Telling me that "Drew Ortiz" has "spent most of his life outdoors" is no different than assuring me that his recommendation is based on his experience using the product outdoors -- instead of just made-up content from someone who has never set foot outdoors. Or even has a foot.

Sports Illustrated Was a Content Institution

This hits especially close to home for me. For one, and this is showing my age, I used to subscribe to Sports Illustrated as a kid, and I grew up reading gold from people like ... OK, let's face it, Frank Deford is the only one I can remember. But trust me, it was once the undisputed champion of sports-related content the world over.

But also, I was half the brain trust behind Automated Insights. Which started as StatSheet. Which produced the first commercially available A.I.-generated content. In sports. In 2010. We covered all the pro and college big three sports teams and even cranked out Yahoo Fantasy Football recaps. We got acquired by a private equity firm in 2015.

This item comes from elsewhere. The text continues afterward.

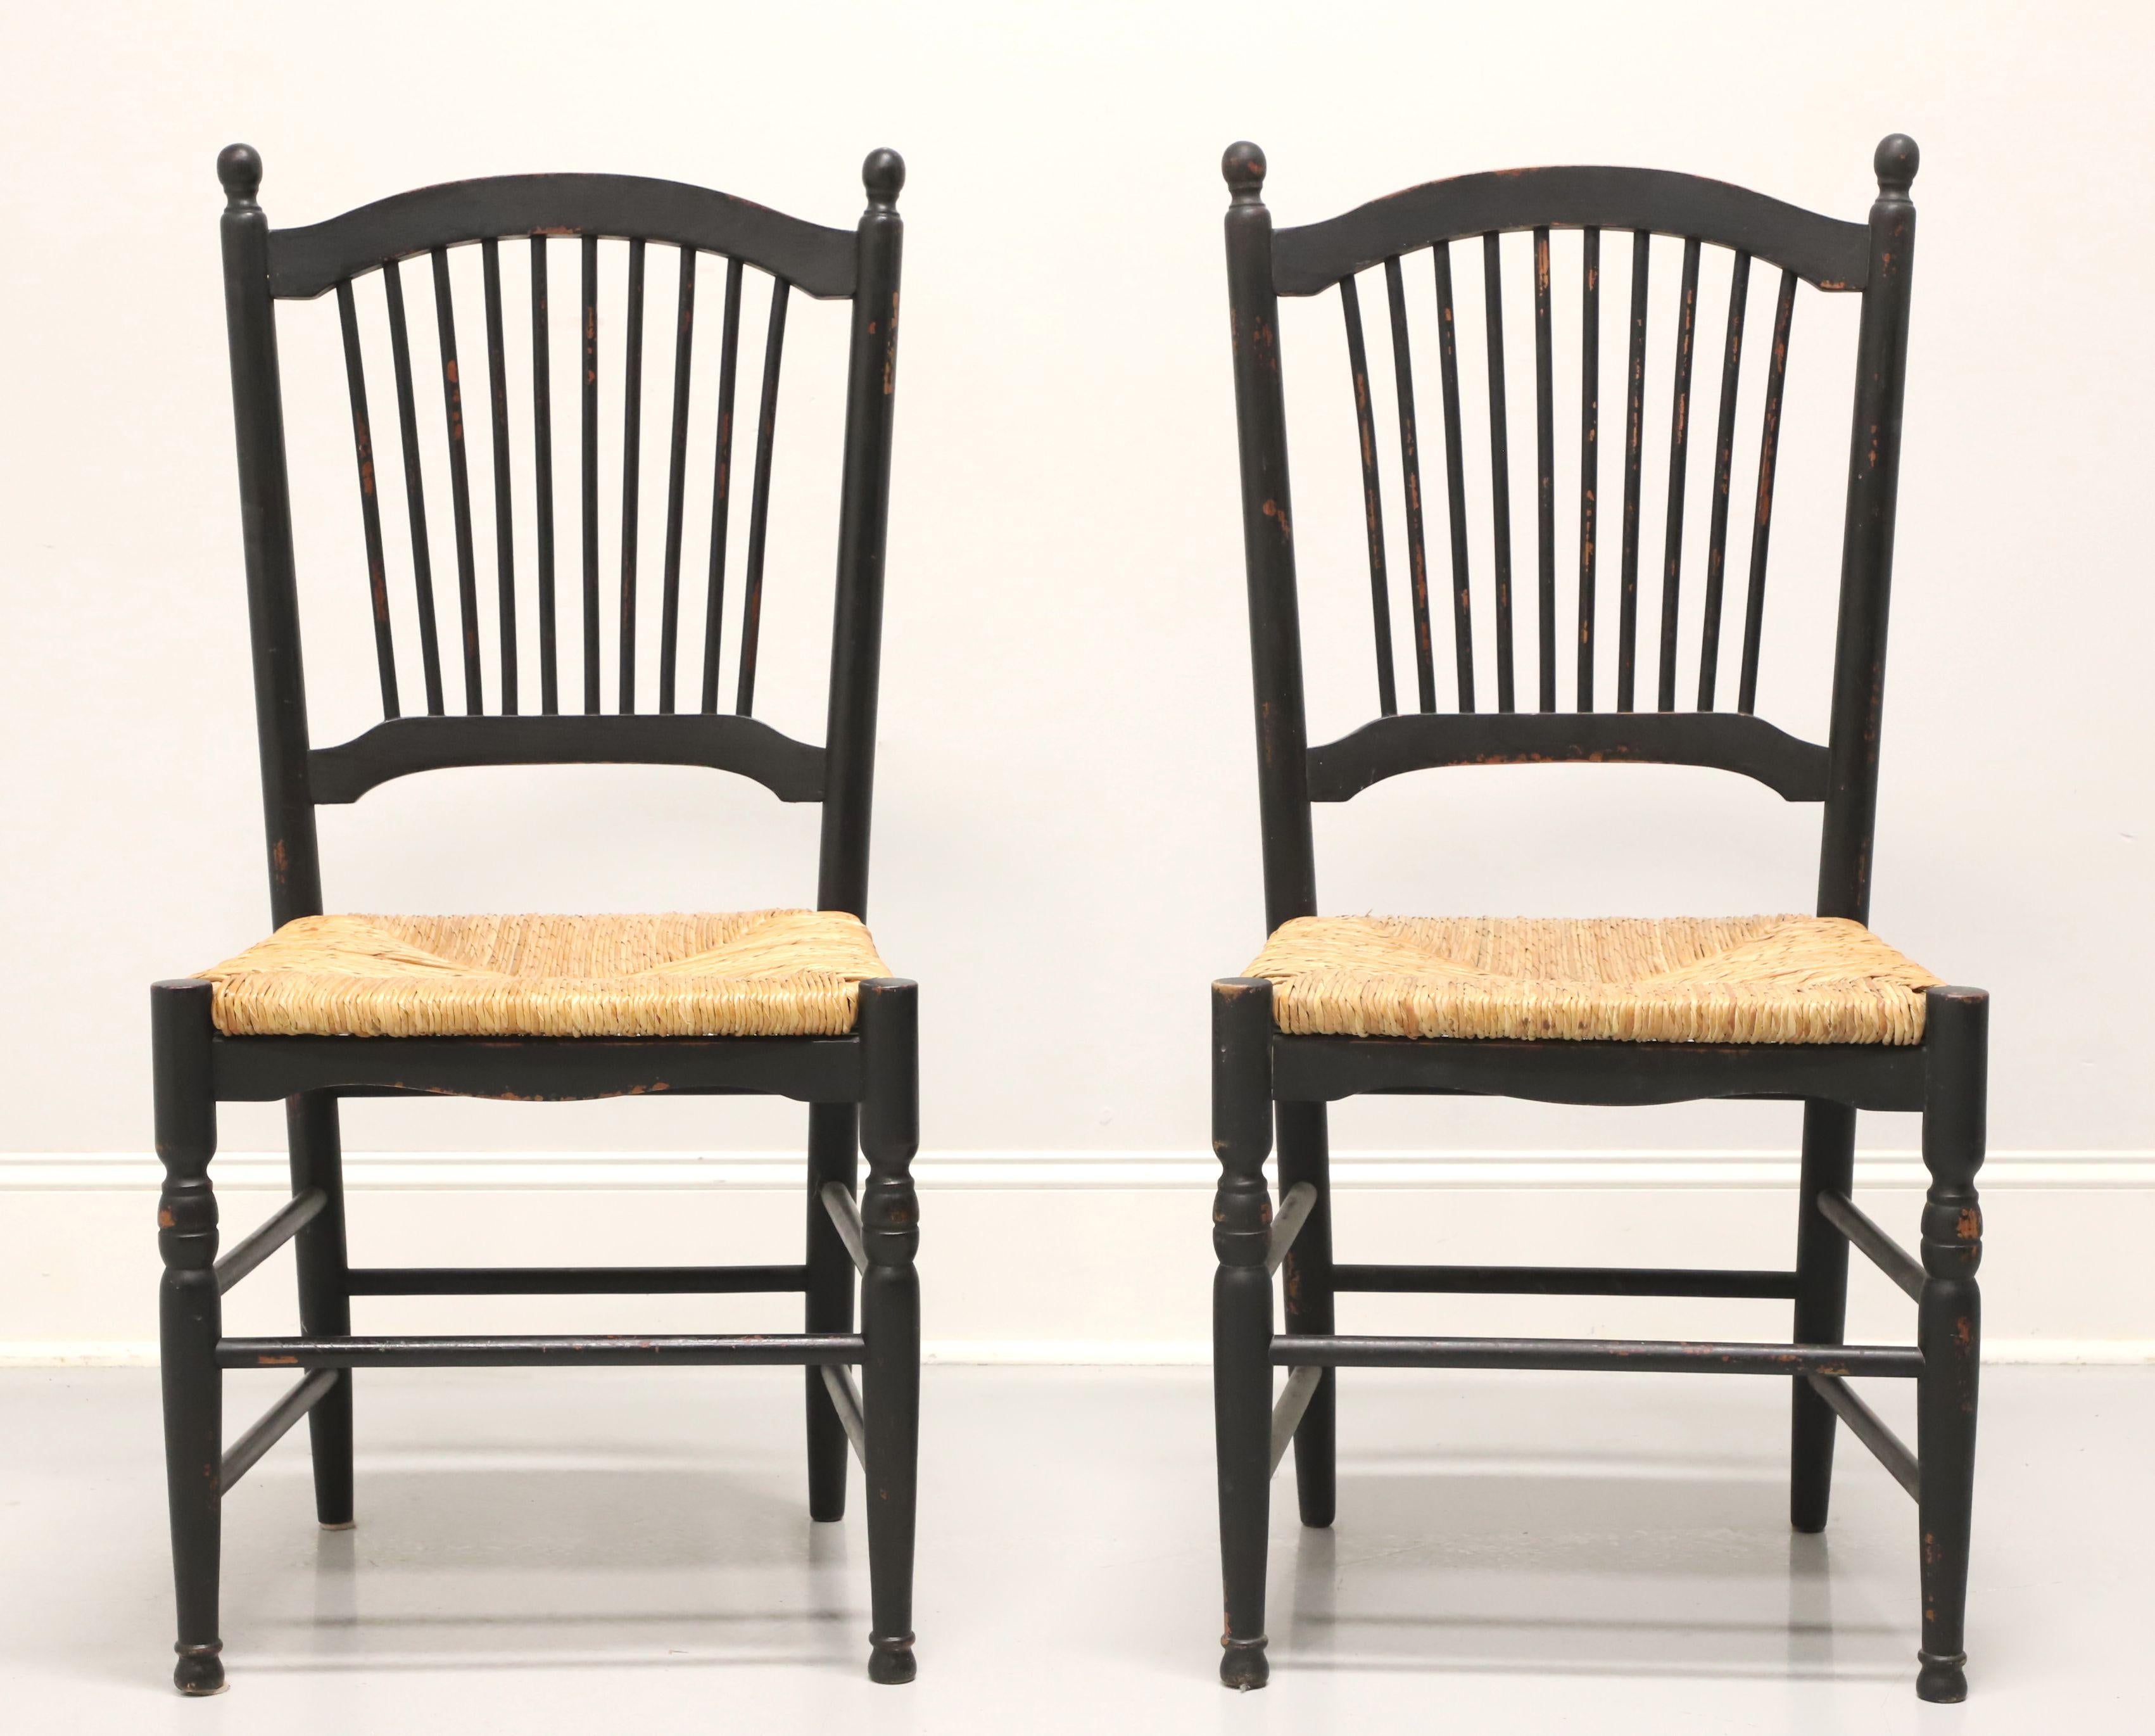 Rustic Distressed Black Cottage Style Dining Side Chairs with Rush Seats - Pair B

So yeah, I'm going to go down like Stephen Falken in WarGames, hiding on an island somewhere while the world blows itself up over a game of Tic-Tac-Toe I coded.

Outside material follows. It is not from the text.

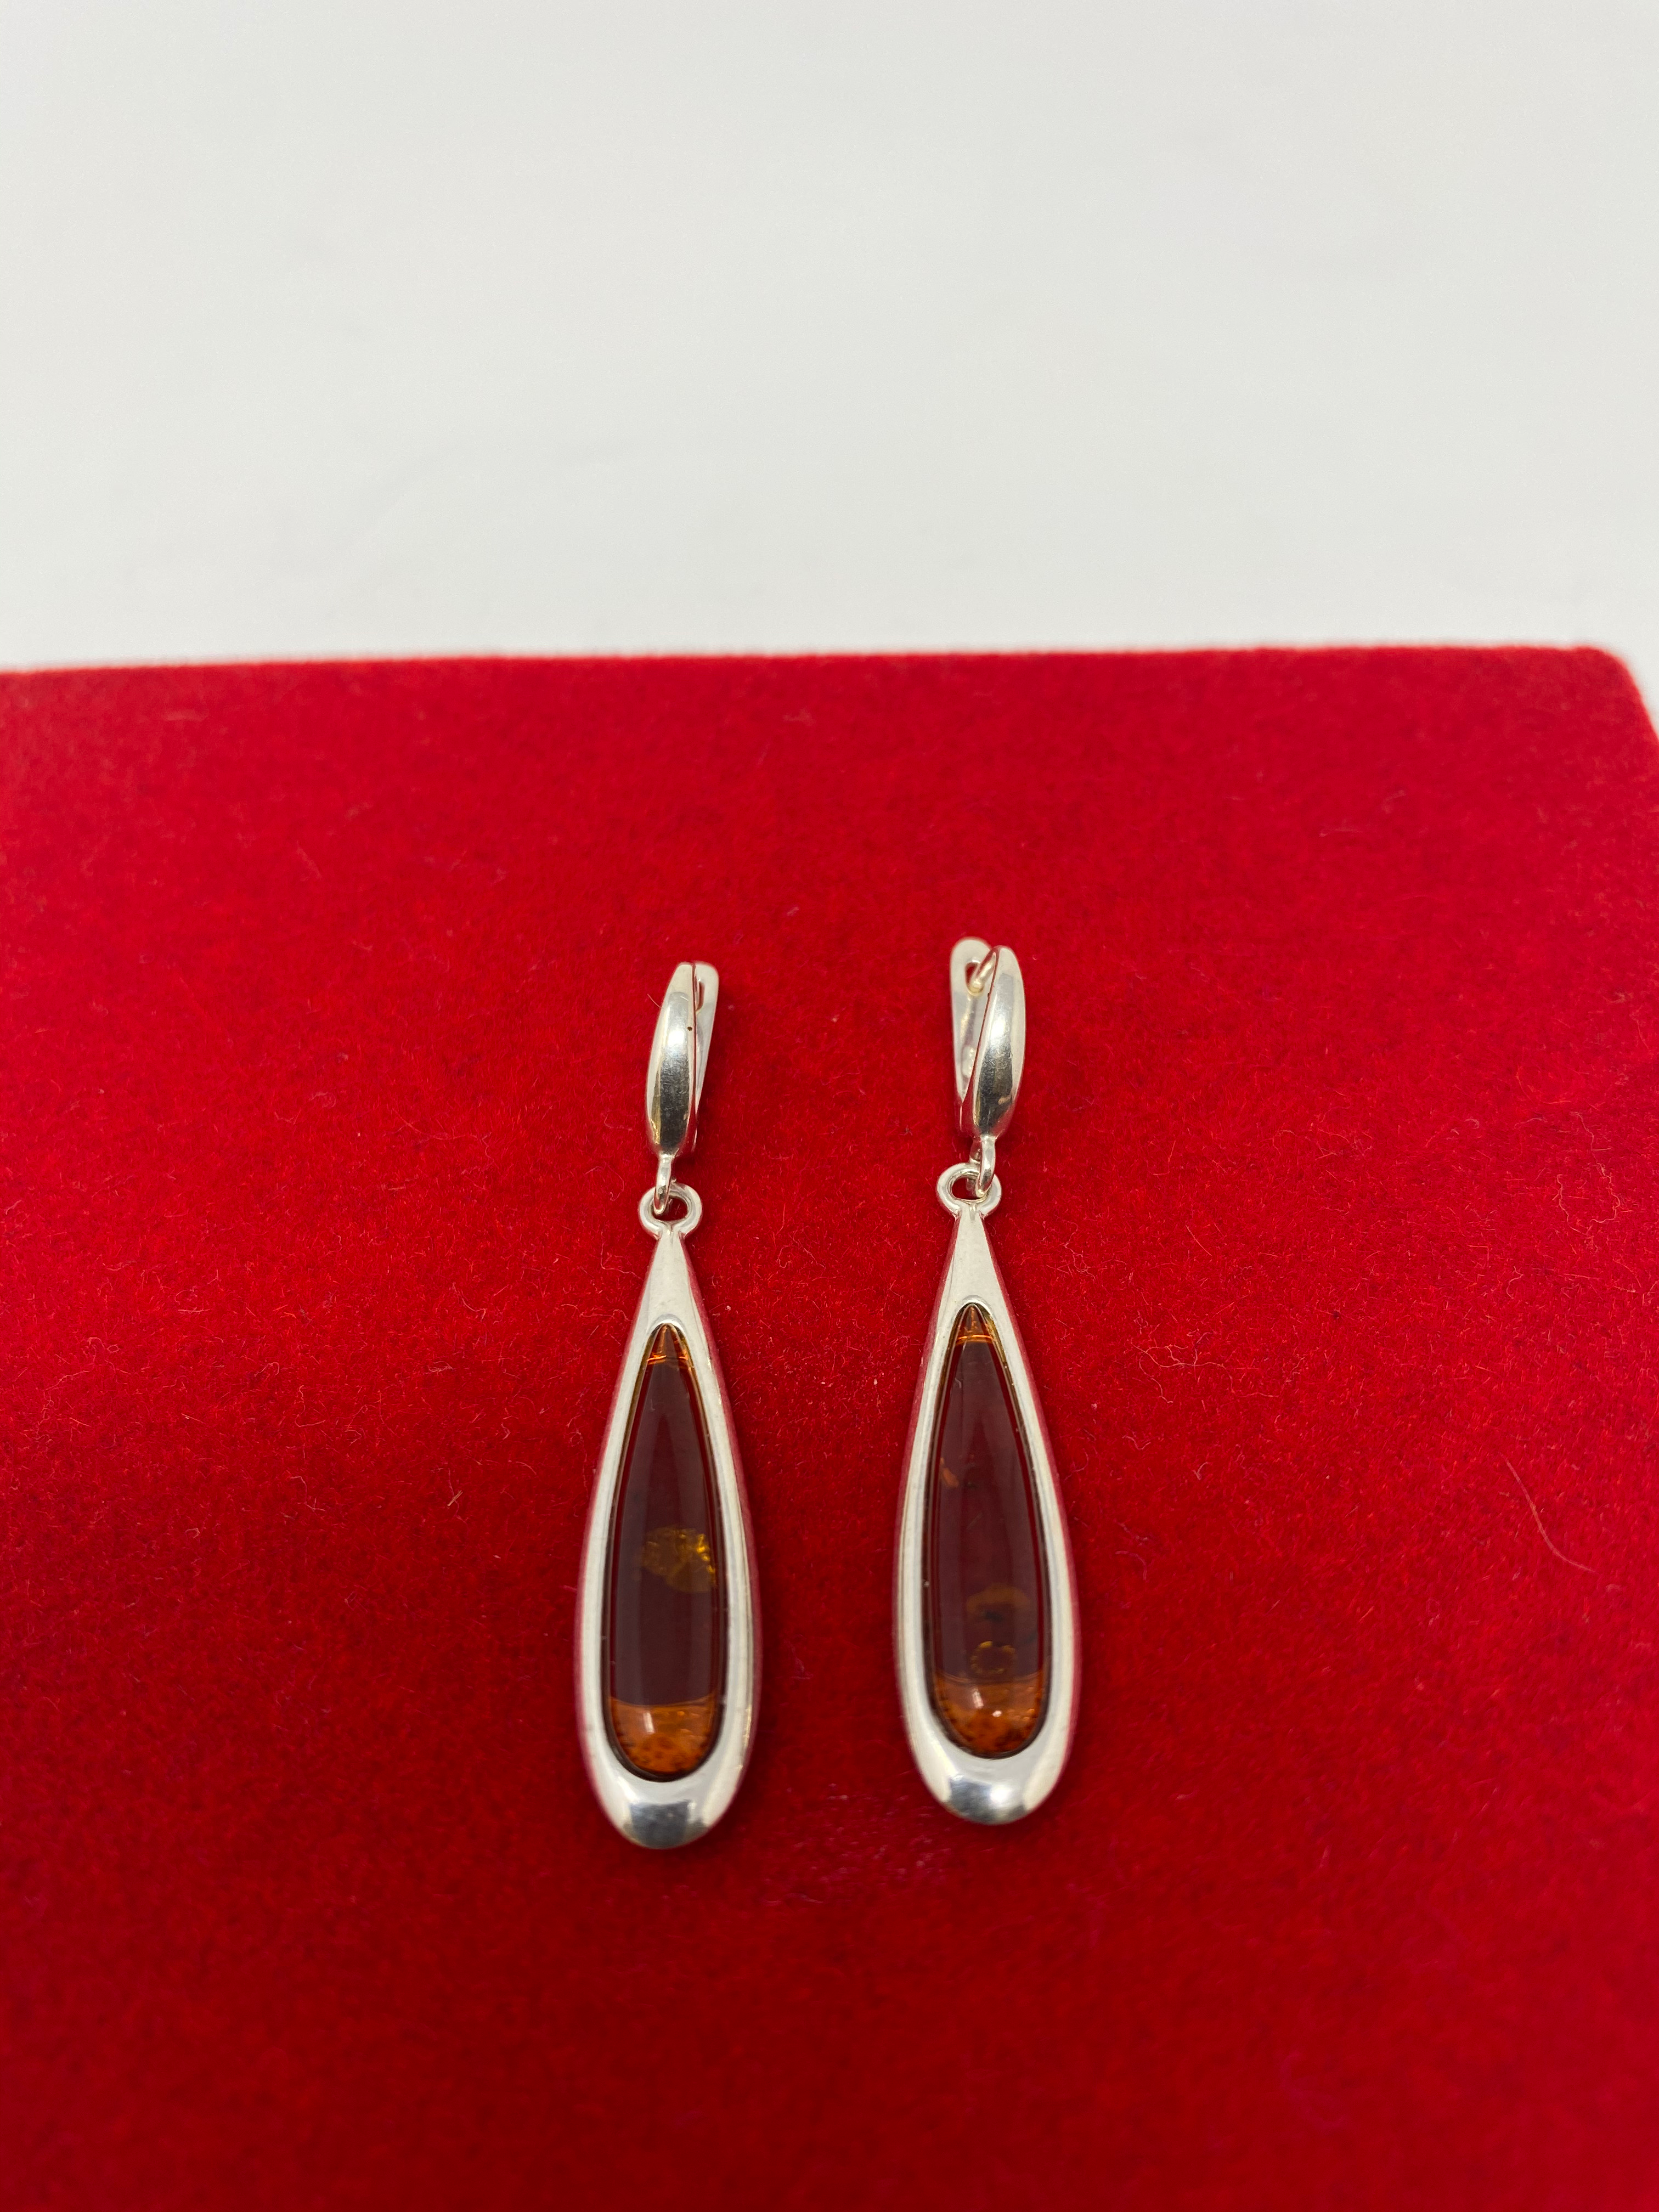 Silver and Amber Drop Earrings

In all seriousness, you can see where I land on both sides of this issue. As the internet gets more soaked with ever-increasing mounds of data, it's becoming much more difficult to synthesize that data into meaningful insight. Thus, the name change of our company to Automated Insights. We weren't trying to replace writers, because, at the highest levels, A.I. is not good at that. Mechanically, yes. The thoughtful soul-having part? Not one bit.

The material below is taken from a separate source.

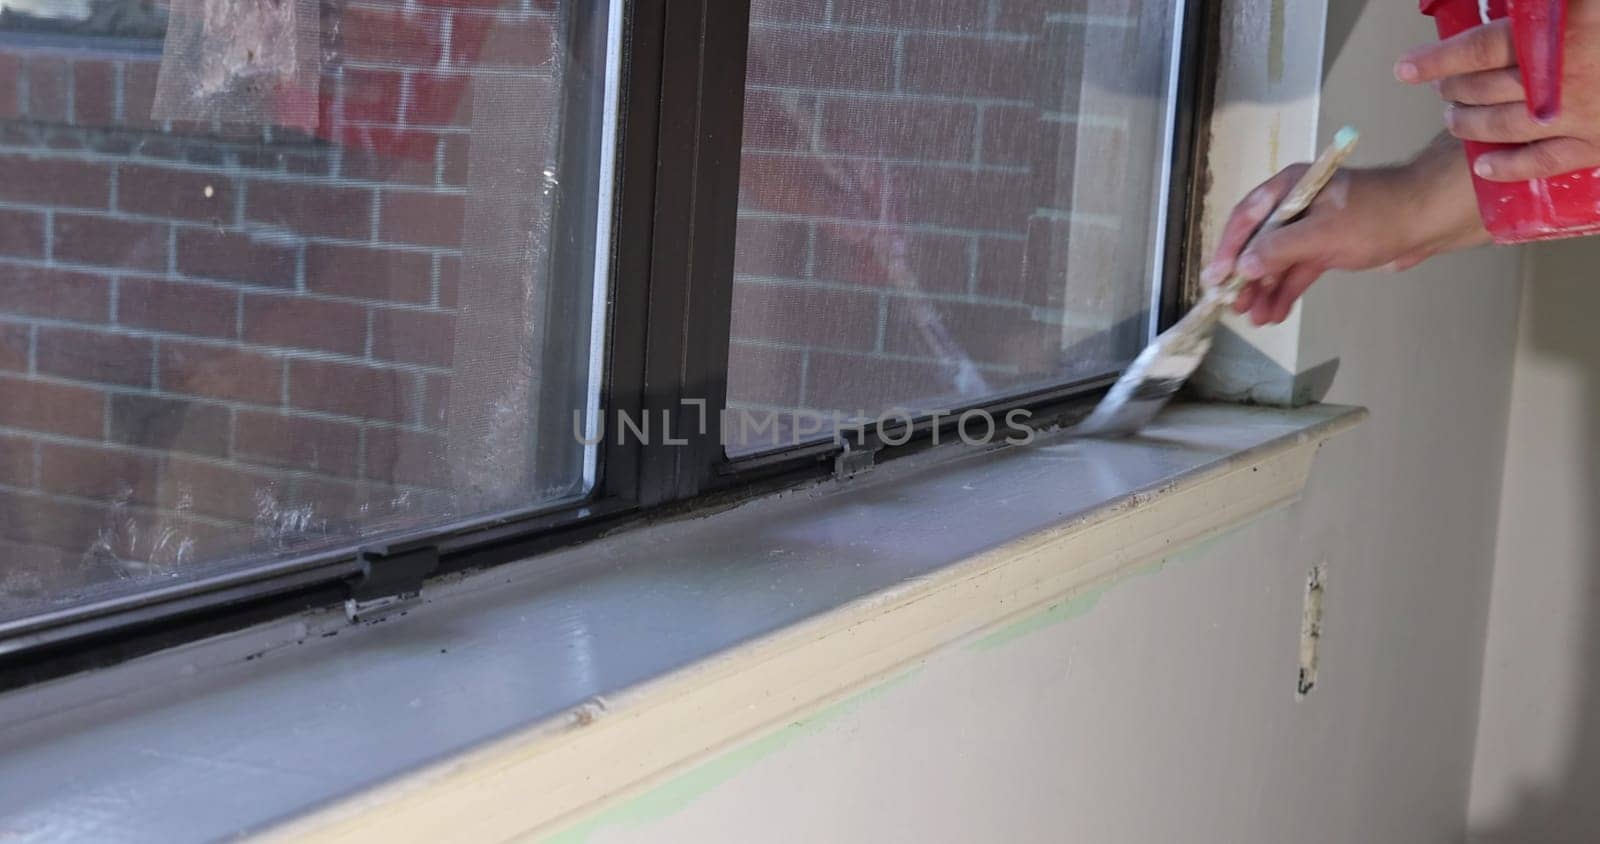 Using paintbrush repairman paints window molding trim with during renovations to an apartment

We were trying to replace data scientists, and we were successful at that. We crunched data into words that could relate the what of the event, not the why. Gen-A.I., for all its magic, still isn't very good at the why. Will it be someday? Maybe. But it isn't now.

So even if, even if, we accept the premise of using an institutional brand to sell content real estate to foot massager manufacturers to publish questionable reviews with affiliate links, the writer is supposed to tell us why we should buy that foot massager, based on their experience with this particular foot massager and many other foot massagers.

I'm just saying I want some podiatry with my review. This use case gives generative A.I. a terrible, awful, not-very-good name. 

Baring My Human Soul

On the flip side, I'm also a creator. I write a lot, I do videos now, and before I became an entrepreneur I was on my way to being a full-time rock star (at least in my misguided future vision). And when I sit down to create something, my primary intention is to create something good. 

Man, I know advertising has always blurred the lines between creating for the sake of art and creating for the sake of commerce. I'm not naive enough to believe that the former can exist without the latter, but I'm also not jaded enough to believe we should accept the latter without any hint of the former. 

"Good" content from generative A.I. is not free. It's not even cheap -- a hard fact that OpenAI is having to come to grips with pretty quickly now. Admittedly, SI stopped paying for the Frank Deford level of quality content decades ago. And maybe Gen-Z or the next wave of kids after them is going to fully embrace the notion of trusting an attractive avatar with their life decisions.

But there is data aggregation, which is fine. There is an automated recommendation, which is fine. And then there's duping millions of people into thinking A.I. has a soul. 

That's wrong. And the creator in me will die on that hill.